实际上是异或和是最小公倍数的倍数。我们知道异或的结果二进制位数小于等于原来的。如果两个数没有倍数关系,则其最小公倍数一定不整除其异或和,因为最小公倍数的二进制位数至少多 \(1\)。所以合法的子集要么异或和为 \(0\),要么一个数是别的所有数的倍数,然后别的数的异或和为 \(0\)。求子集异或和为 \(0\) 的方案数可以使用线性基,设有 \(k\) 个数没有成功插入线性基,则答案就是 \(2^{k} - 1\),\(-1\) 是减去空集。因此我们把每个数的因子都拎出来扔到线性基里面,就可以算这个数为最大公约数时的答案。还有一些别的细节,都在代码里。
代码
#include <iostream>
#define int long long
using namespace std;
const int P = 998244353;
inline char nc(){
static char buf[1000005],*p1=buf,*p2=buf;
return p1==p2&&(p2=(p1=buf)+fread(buf,1,1000005,stdin),p1==p2)?EOF:*p1++;
}
inline int read() {
int ret = 0;
char c = nc();
while (c < '0' || c > '9') c =nc();
while ('0' <= c && c <= '9') ret = ret * 10 + c - 48, c = nc();
return ret;
}
int n;
int a[1000005];
struct XOR_Linear_Base {
int p[20], unsec;
void Insert(int x) {
for (int i = 19; ~i; i--) {
if (x & (1 << i)) {
if (p[i])
x ^= p[i];
else {
p[i] = x;
return;
}
}
}
++unsec;
}
} p[1000005];
int qpow(int x, int y) {
int ret = 1;
while (y) {
if (y & 1)
ret = ret * x % P;
y >>= 1;
x = x * x % P;
}
return ret;
}
int ap[1000005];
int ans = 1;
int fac[1000005], ifac[1000005], inv[1000005];
void Cpre(int n) {
fac[1] = ifac[1] = inv[1] = fac[0] = ifac[0] = inv[0] = 1;
for (int i = 2; i <= n; i++) {
fac[i] = fac[i - 1] * i % P;
inv[i] = (P - P / i) * inv[P % i] % P;
ifac[i] = ifac[i - 1] * inv[i] % P;
}
}
int C(int n, int m) { return (n < 0 || m < 0 || n < m ? 0 : (fac[n] * ifac[m] % P * ifac[n - m] % P)); }
signed main() {
freopen("xor.in", "r", stdin);
freopen("xor.out", "w", stdout);
cin >> n;
for (int i = 1; i <= n; i++) {
cin >> a[i];
ap[a[i]]++;
p[0].Insert(a[i]);
}
Cpre(n);
ans = qpow(2, p[0].unsec);
for (int i = 1; i <= n; i++) {
if (ap[i]) {
for (int j = 1; j <= ap[i]; j += 2) {
ans += C(ap[i], j) * qpow(2, p[i].unsec) % P;
ans >= P ? (ans -= P) : 0;
}
for (int j = 1; i * j <= n; j++) {
if (ap[i * j]) {
for (int asdf = 1; asdf <= ap[i]; asdf++)
p[i * j].Insert(i);
}
}
}
}
cout << (ans + P - 1) % P << "\n";
return 0;
}
T2
NFLSOJ P3580 Link Cut Tree
从叶子往上贪,设 \(f[i][0 / 1]\) 表示以 \(i\) 为根的子树,当前最上面一个连通块权值和为偶数 / 奇数时的最大块数,\(g[i][0 / 1]\) 表示最大块数时最上面一个连通块的权值最大多少。

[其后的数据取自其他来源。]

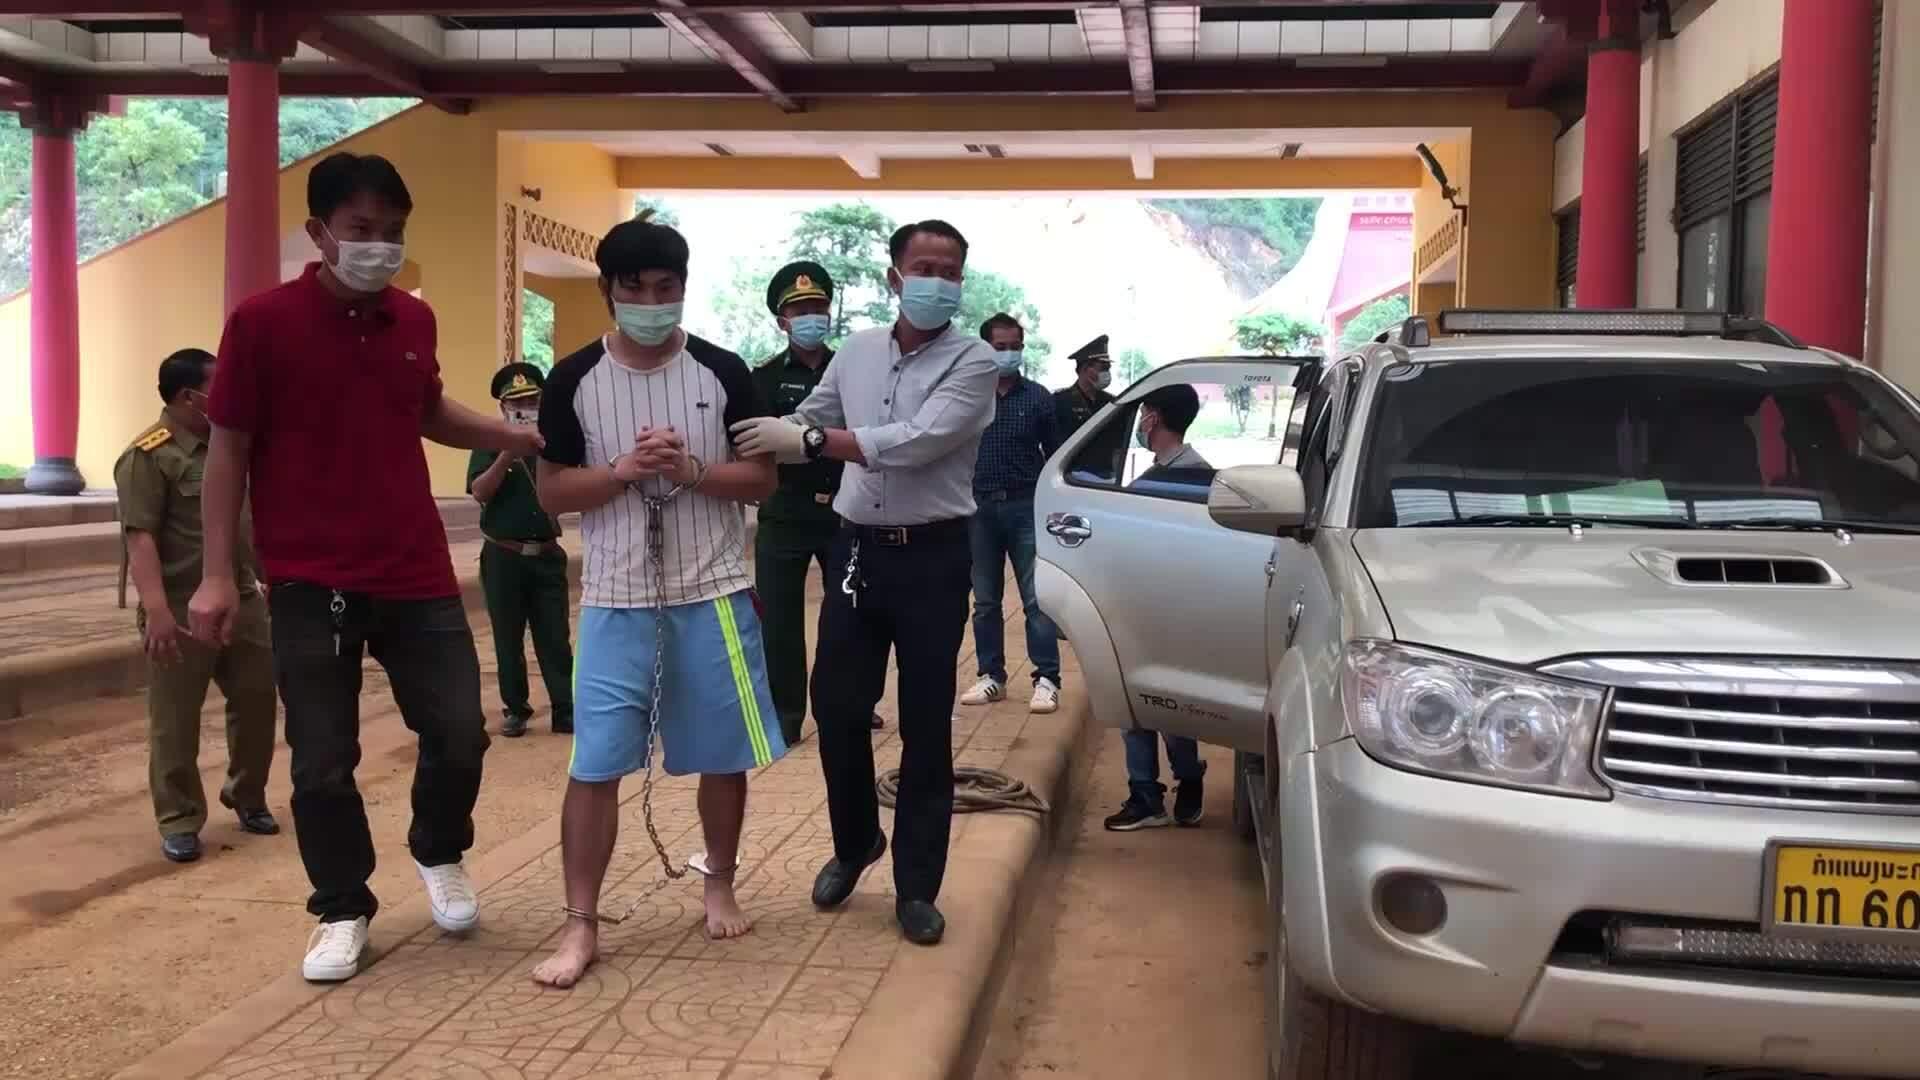 Kẻ vận chuyển 250kg ma tuý bị bắt sau một năm trốn sang Lào
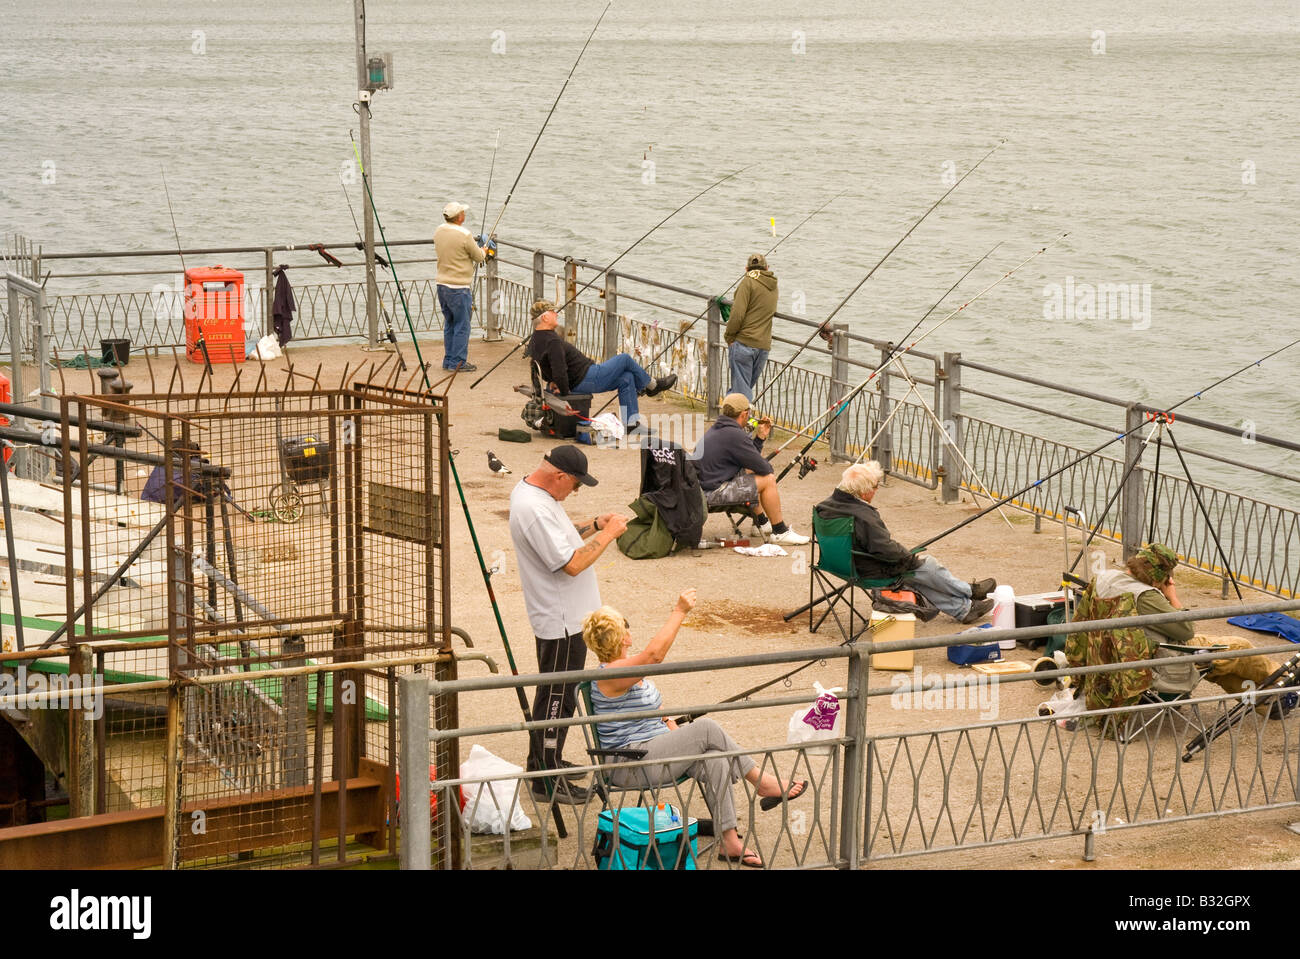 Pesca sportiva off Llandudno Pier Immagini Stock

把儿子都转移过来之后如果奇偶性与 \(k\) 相同的那个权值可以消,就消掉。这样就是最优的。
代码
#include <iostream>
#define int long long
using namespace std;
const int inf = 214748647;
int n, k;
int head[1000005], nxt[2000005], to[2000005], ecnt;
void add(int u, int v) { to[++ecnt] = v, nxt[ecnt] = head[u], head[u] = ecnt; }
pair<int, int> f[1000005][2];
int a[1000005];
pair<int, int> operator+(pair<int, int> a, pair<int, int> b) { return make_pair(a.first + b.first, a.second + b.second); }
void dfs(int x, int fa) {
for (int i = head[x]; i; i = nxt[i]) to[i] != fa ? dfs(to[i], x) : void();
pair<int, int> tmp[2];
tmp[0] = tmp[1] = f[x][0] = f[x][1] = make_pair(-inf, -inf);
tmp[a[x] & 1] = make_pair(0, a[x]);
int s = 0;
for (int i = head[x]; i; i = nxt[i]) {
int v = to[i];
if (v != fa) {
s += max(f[v][0].first, f[v][1].first);
pair<int, int> x[2];
x[0] = tmp[0], x[1] = tmp[1];
tmp[0] = max(x[0] + f[v][0], x[1] + f[v][1]);
tmp[1] = max(x[0] + f[v][1], x[1] + f[v][0]);
}
}
tmp[0] = max(tmp[0], make_pair(s, 0ll));
for (int i = 0; i < 2; i++) {
f[x][i] = max(f[x][i], tmp[i]);
if ((i == (k & 1)) && tmp[i].second >= k)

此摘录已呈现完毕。